Collection consists of a photograph album, marked "property of Staff Sergeant Maynard Miller" that contains approximately 200 photographs of African American soldiers in Tokyo and other locales in occupied Japan during 1946. Most of the photographs include captions with identification, nicknames, and G.I. humor. Several photographs depict African American soldiers with Japanese girlfriends. Other images depict Army living quarters and equipment, clubs, Hirohito's palace, zoo animals, crowds on Japanese election day, and tourist destinations in and around Tokyo. Also included in the back of the album are carbon copies of two vividly eloquent letters complaining of discrimination -- one about Senator Bilbo and "the Negro problem" in Mississippi (1 p.), and another addressed to the Commanding General, Eighth Army, complaining of discriminatory practices barring African American soldiers from using the swimming pool (3 pp.).
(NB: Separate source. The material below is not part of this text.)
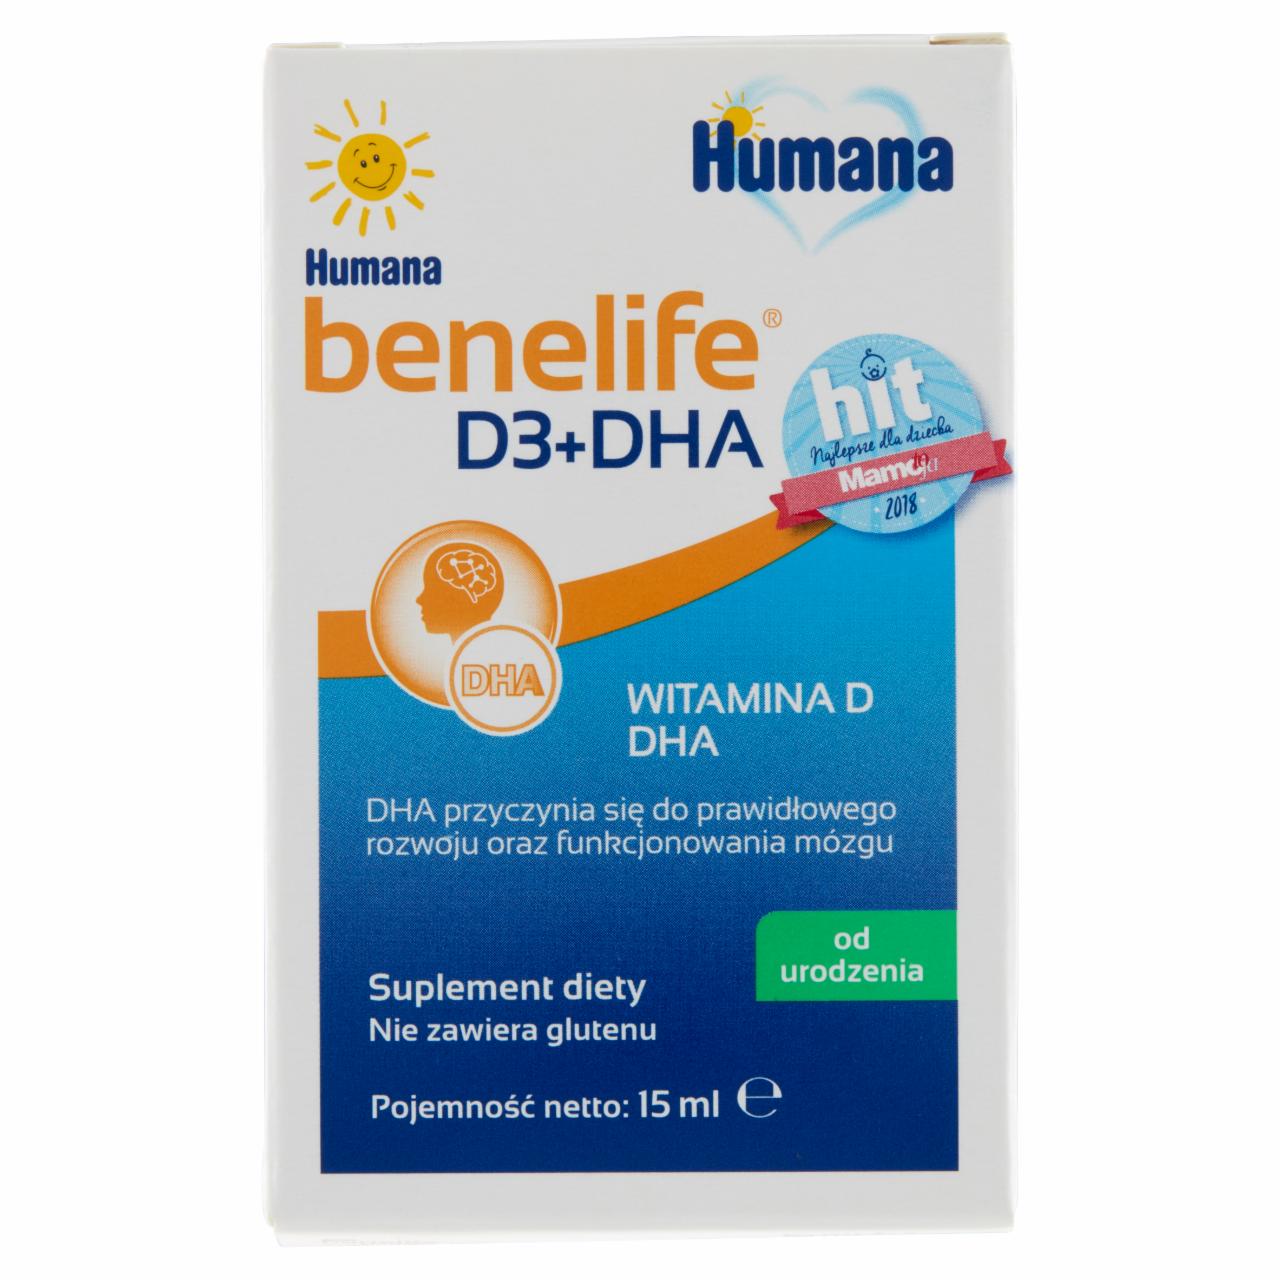 Zdjęcia - Humana benelife Suplement diety D3+DHA od urodzenia 15 ml

Acquired as part of the John Hope Franklin Research Center for African and African American History and Culture.
The Maynard Miller photograph album of occupied Japan was received by the David M. Rubenstein Rare Book & Manuscript Library as a purchase in December 2009.
This material is made available for research, scholarship, and private study. Copyright in this material has not been transferred to Duke University. For reuses of this material beyond those permitted by fair use or otherwise allowed under the Copyright Act, please see our page on copyright and citations: https://library.duke.edu/rubenstein/research/citations-and-permissions.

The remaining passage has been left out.